第30回 龍馬と弥太郎、ゆかりの地"長崎"にそびえ立つ

坂本龍馬像  岩崎弥太郎像

 威風堂々・・・、長崎港を間に挟んで秋空に向かいそびえ立つ像。長崎市の風頭(かざがしら)公園と高島港には幕末に活躍した土佐出身の2人の立像があります。みなさんご存知の坂本龍馬と、三菱財閥の礎を築いた岩崎弥太郎(いわさきやたろう)です。龍馬像の視線は眼下に広がる長崎港を見つめていますが、その長崎港の玄関口に位置する高島に建つのが弥太郎像です。龍馬と同じように、弥太郎もまた幕末に長崎を訪れ活躍したひとりなのです。同郷の2人は長崎の地で交流を深めてきます。そして龍馬の死後、明治の新時代を迎え、弥太郎は龍馬も夢みていたといわれる海運業を興していきました。今回は2人が長崎で関わった2つの事件を振り返りながら、長崎ゆかりの地を巡ることにしましょう。

歴史のとびら

「伊呂波丸(いろはまる)事件」と「英国人水夫殺害(イカルス号)事件」

 1867年(慶応3)4月23日の夜。海援隊士を乗せた伊呂波丸が濃霧の中を航行中、突如現れた紀州藩の明光丸が横腹に衝突し、その衝撃で伊呂波丸は沈没してしまいました。龍馬ら乗組員は、相手方の船に乗り移り全員無事でした。龍馬率いる海援隊は、この事故に対して相手方に否があるとして紀州藩に抗議。土佐藩の後藤象二郎が全権となり紀州藩と交渉を行い、明光丸士官の詫び状一札と賠償金8万3千両余りを得たのです。この事件では土佐商会に着任したばかりの岩崎弥太郎も土佐藩側の一員として交渉に関わっています。

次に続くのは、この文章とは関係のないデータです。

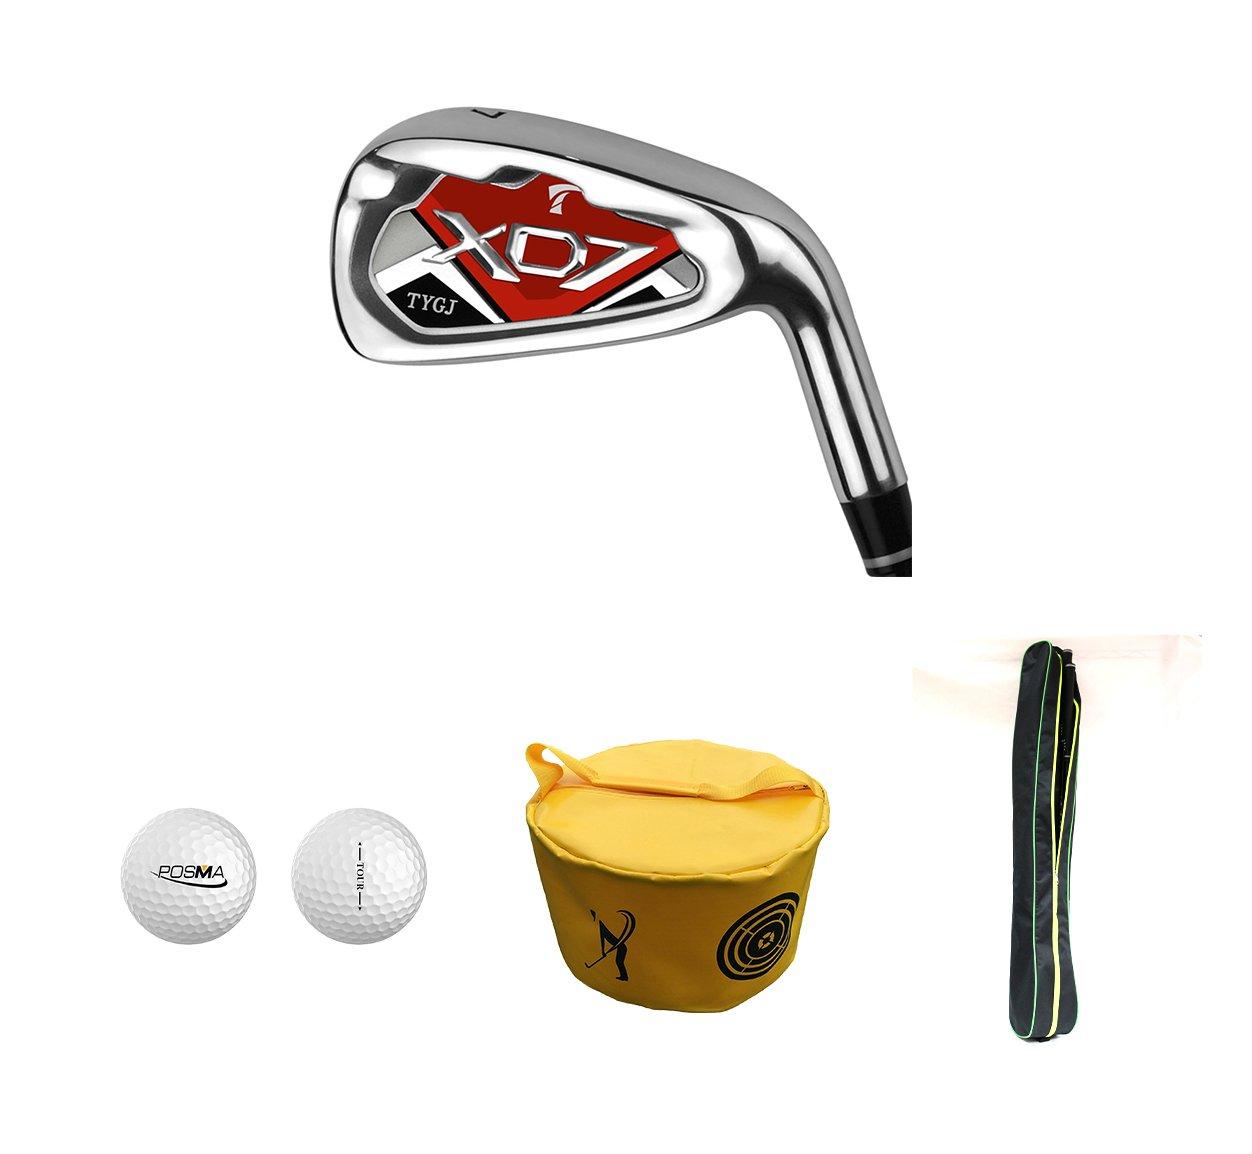 Posma GC701MA - Juego de palos de golf de alta calidad para ...

 続いて1867年(慶応3)7月6日の夜、長崎の丸山で福岡(黒田)藩士の金子才吉が英国人水夫と喧嘩をして殺害するという事件が起こりました。直後に金子は自殺しますが表沙汰にならず、長崎奉行と英国公使パークスは海援隊の隊士が犯人だと思い込んでしまいました。坂本龍馬は事実無根と猛抗議し、弥太郎も長崎の藩責任者として英国側と折衝を行っています。しかし、英国人相手の交渉は難航したようです。結局、長崎奉行所の裁定では海援隊は無関係となりましたが、真犯人が金子才吉と判明したのは約1年後のことでした。この事件は弥太郎の日記に「丸山異人横死の件」とあるように、遊廓街のあった丸山の路上で起こったものです。

散歩コース

スタート地点までのアクセス

◎所要時間のめやす:約95分
(徒歩、車、高速船利用
※利用する高速船の発着時刻で異なります)

風頭公園

↓徒歩約5分

亀山社中跡

↓徒歩約20分

土佐商会跡

↓徒歩約15分

後藤象二郎邸跡

↓徒歩約15分

長崎奉行所立山役所
(長崎歴史文化博物館)

↓長崎港まで車で約5分。
長崎港(大波止ターミナル)から高速船「高島行」で約35分

高島

1風頭(かざがしら)公園

 龍馬はかつてこの場所から長崎港を見下ろしたことがあったのでしょうか。風頭山には坂本龍馬の像が建つ風頭公園があります。展望台から長崎市街地や長崎港を一望することが出来ます。この公園では春になると江戸時代から続く長崎名物のハタ揚げ大会が開催されます。または桜や紫陽花(あじさい)の名所としても長崎市民に親しまれています。

2亀山社中(かめやましゃちゅう)跡

 坂本龍馬は、1865年(慶応元)、長崎を拠点にして日本初の商社といわれる「亀山社中」を設立しました。当初は小松帯刀(こまつたてわき)が家老を勤めていた薩摩藩が資金面の後ろ楯となりましたが、運営のための資金繰りは厳しく火の車でした。そこで新たな後ろ楯となったのは後藤象二郎が参政を勤めていた土佐藩で、名称も1867年(慶応3)に「海援隊」と変わりました。

3土佐商会(とさしょうかい)跡

 「長崎土佐商会」は幕末の長崎に設置された土佐藩「開成館」の出先機関です。正式名称は「土佐藩開成館貨殖局長崎出張所」。ここでは紙、樟脳(しょうのう)、鰹節(かつおぶし)など土佐藩の専売品を輸出し、外国から軍艦や鉄砲などの武器類を購入していました。岩崎弥太郎は、1867年(慶応3)、長崎土佐商会に赴任し間もなく主任となりました。現在、長崎市の西浜町電停そばに架かる鐵橋(てつばし)のたもとには「土佐商会」跡の石碑が建っています。その石碑には海援隊発祥の地とも刻まれています。

4後藤象二郎(ごとうしょうじろう)邸跡

 開成館の総裁で土佐藩の参政だった後藤象二郎は、長崎土佐商会の経営に当たるため長崎に滞在していました。伊呂波丸事件では、紀州藩との交渉について、後藤邸で龍馬と弥太郎との密談が行われました。1867年(慶応3)6月2日の弥太郎の日記によると「弥太郎が賠償額について原案を作り、後藤宅に行き、龍馬を呼び出して3人で密談をした」というような内容が記されています。現在の金屋町(KTNテレビ長崎ビル横)には後藤邸跡の石碑が建てられていますが、後藤邸はのちに岩崎弥太郎が譲り受け、三菱の所有として使われていました。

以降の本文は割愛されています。